The digital age is everywhere, it’s growing, and it changes what is possible for researchers.
The central premise of this book is that the digital age creates new opportunities for social research. Researchers can now observe behavior, ask questions, run experiments, and collaborate in ways that were simply impossible in the quite recent past. Along with these new opportunities also come new risks; researchers can now harm people in ways that were impossible in the quite recent past. The source of these opportunities and risks is the transition from the analog age to the digital age. This transition did not happen all at once—like a light-switch turning on—and, in fact, the transition is not yet complete. But, by this point we’ve seen enough to know that something big is happening.
One way to notice this transition is to look for changes in your daily life. Many things in your life that used to be analog are now digital. Maybe you used to use a camera with film and now you use a digital camera (which is probably part of your digital phone). Maybe you used to read a physical newspaper and now you read an online newspaper. Maybe you used to pay for things with physical cash and now you pay with a credit card. In each case, the transition from analog to digital means that more information is now being captured and stored digitally.
In fact, when looked at in aggregate, the effects of the transition are astonishing. The amount of information in the world is rapidly increasing and more of that information is stored digitally, which facilitates analysis, transmission, and merging (Figure 1.1) (Hilbert and López 2011). All of this digital information has come to be called “big data.” In addition to this explosion of digital data, there is a parallel growth in our access to computing power (Figure 1.1) (Hilbert and López 2011). These trends—increasing digital information and increasing computing—show no sign of slowing down.
For the purposes of social research, I think the most important feature of the digital age is computers everywhere. Beginning as room-sized machines that were only available to governments and big companies, computers have been constantly shrinking in size and increasing in popularity. Each decade since the 1980s, we’ve seen a new kind of computing emerge: personal computers, laptops, smart phones, and now embedded processors (i.e., computers inside of devices such as cars, watches, and thermostats) (Waldrop 2016). Increasingly these ubiquotous computers do more than just calculate; they also sense, store, and transmit information.

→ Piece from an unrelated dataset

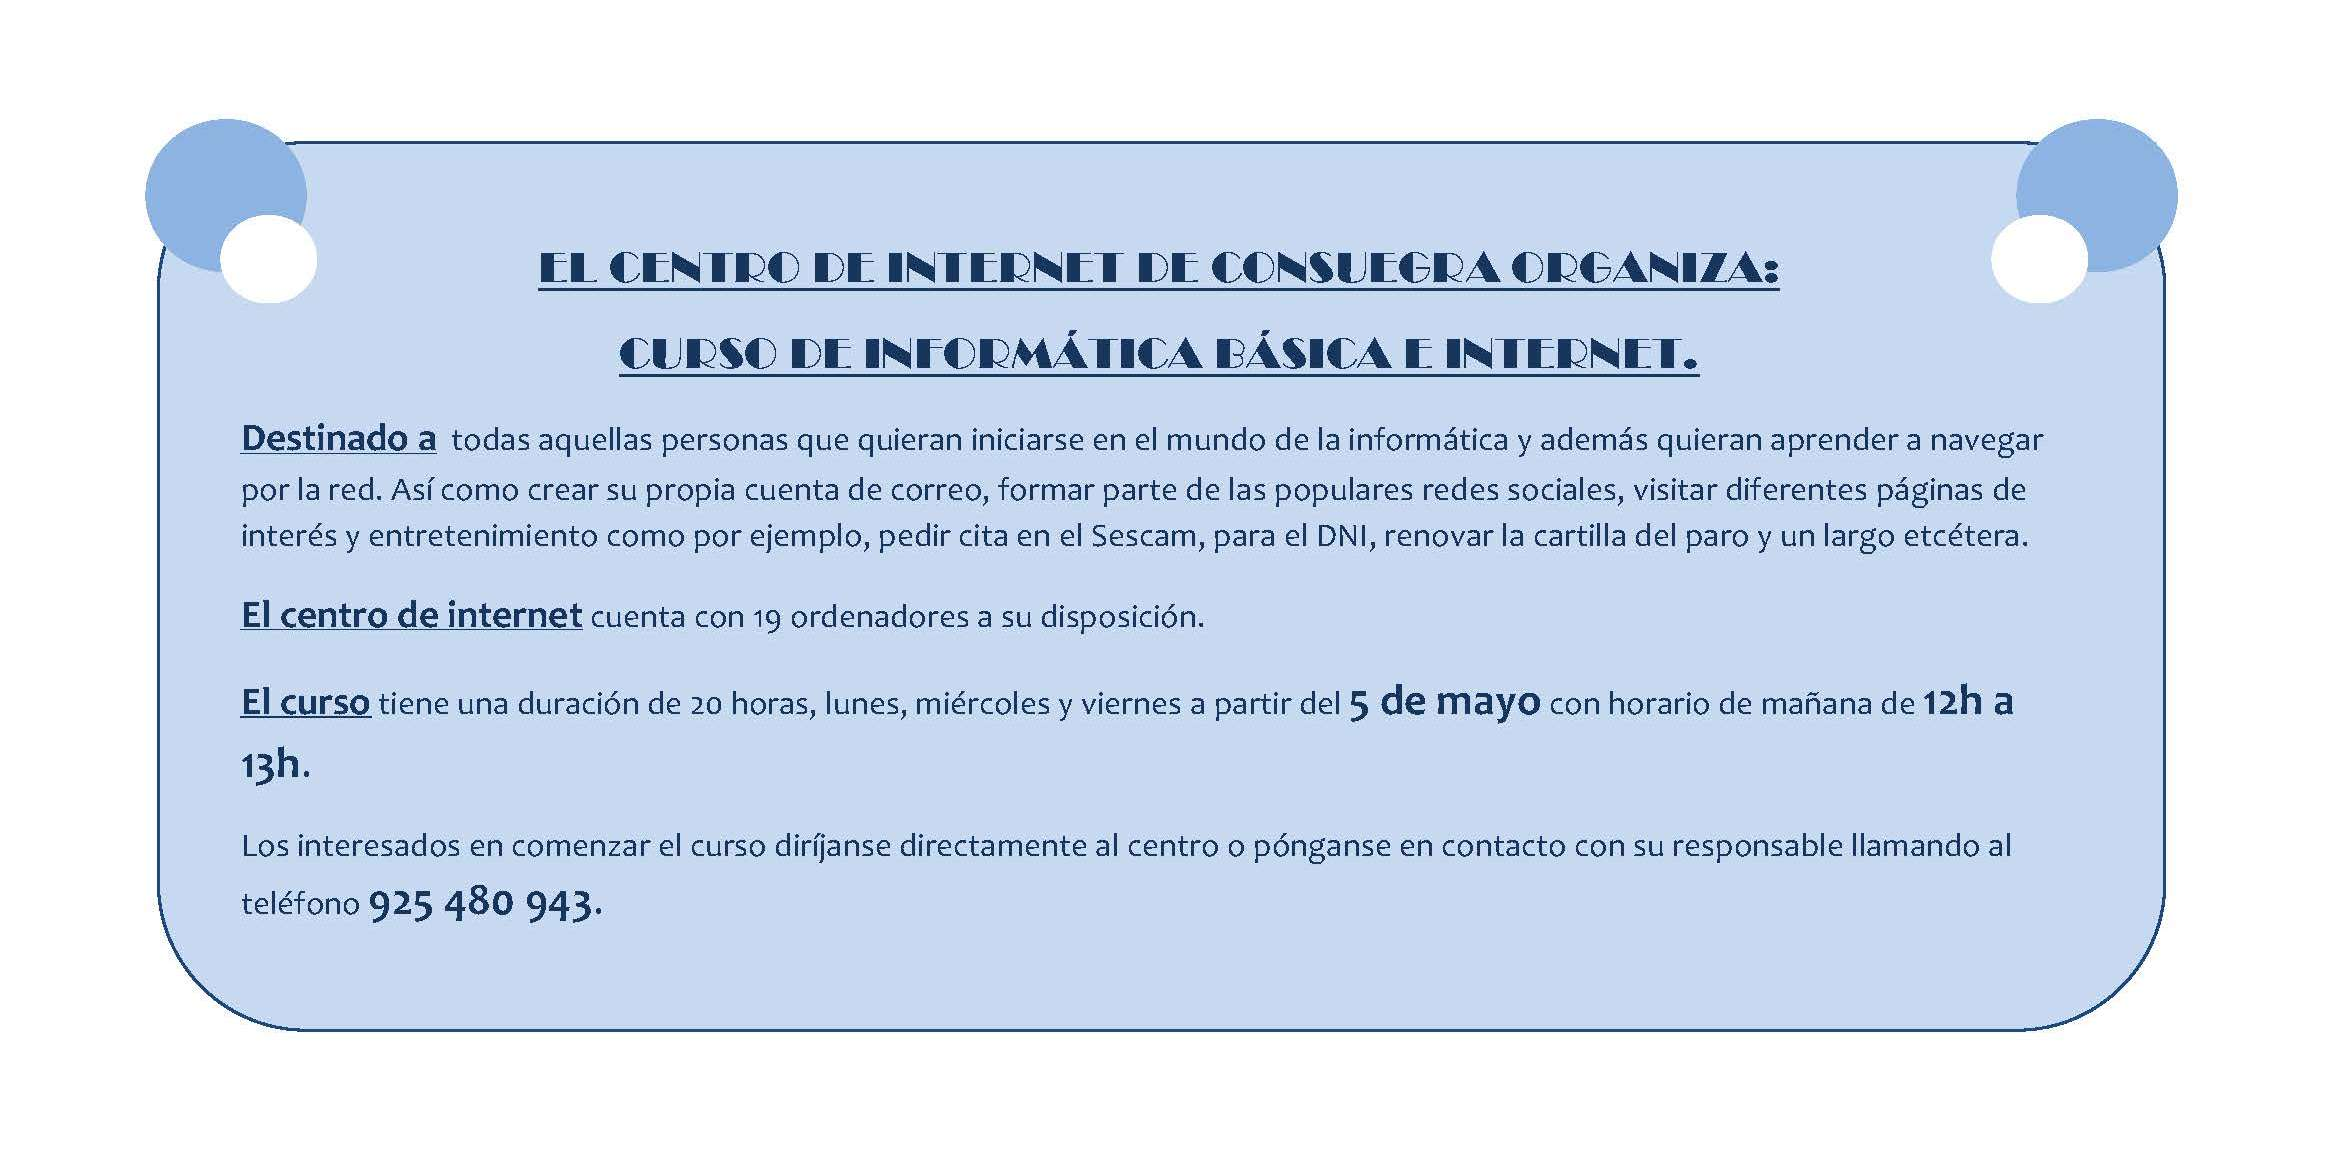 curso-informatica-centro-internet-2014-pag1.jpg - 172.91 KB

For researchers, the implications of computers everywhere are easiest to see online, an environment that is fully measured and amenable to experimentation. For example, an online store can easily collect incredibly precise data about the shopping and purchasing patterns of millions of customers. Further, an online store can easily randomize some customers to receive one shopping experience and others to receive another. This ability to randomize on top of tracking means that online stores can constantly run randomized controlled experiments. In fact, if you’ve ever bought anything from an online store your behavior has been tracked and you’ve almost certainly been a participant in an experiment, whether you knew it or not.
This fully-measured-fully-randomizable world is not just happening online; it is increasingly happening everywhere. Physical stores already collect extremely detailed purchase data, and they are developing infrastructure to monitor customers shopping behavior and mix experimentation into routine business practice. In other words, when you think about the digital age you should not just think online, you should think everywhere. Digital age social research will involve people interacting in fully digital spaces and will involve people using digital devices in the physical world.
In addition to enabling the measurement of behavior and randomization of treatments, the digital age has also enabled new ways for people to communicate. These new forms of communication allow researchers to run innovative surveys and to create mass collaboration with their colleagues and the general public.
A skeptic might point out that none of these capabilities are really new. That is, in the past, there have been other major advances in peoples’ abilities to communicate (e.g., the telegraph (Gleick 2011)), and computers have been getting faster at roughly the same rate since the 1960s (Waldrop 2016). But, what this skeptic is missing is that at a certain point more of the same becomes something different (Halevy, Norvig, and Pereira 2009). Here’s an analogy that I like. If you can capture an image of a horse, then you have a photograph. And, if you can capture 24 images of a horse per second, then you have a movie. Of course, a movie is just a bunch of photos, but only a die hard skeptic would claim that photos and movies are the same.
Researchers are in the process of making a transition akin to the transition from photography to cinematography. This transition does not mean that everything we have learned in the past should be ignored. Just as the principles of photography inform the principles of cinematography, the principles of social research in the past will inform the social research of the future. But, the transition also means that we should not continue doing the same thing. Rather, we must combine the approaches of the past with the capabilities of the present and future. For example, the research of Blumenstock and colleagues was a mixture of traditional survey research with what some might call data science. Both of those ingredients were necessary: neither the survey responses nor the phone records by themselves were enough. More generally, I think that increasingly social researchers will need to combine social science with data science in order to take advantage of the opportunities of the digital age. To continue only taking pictures when we could also be making movies would be a mistake.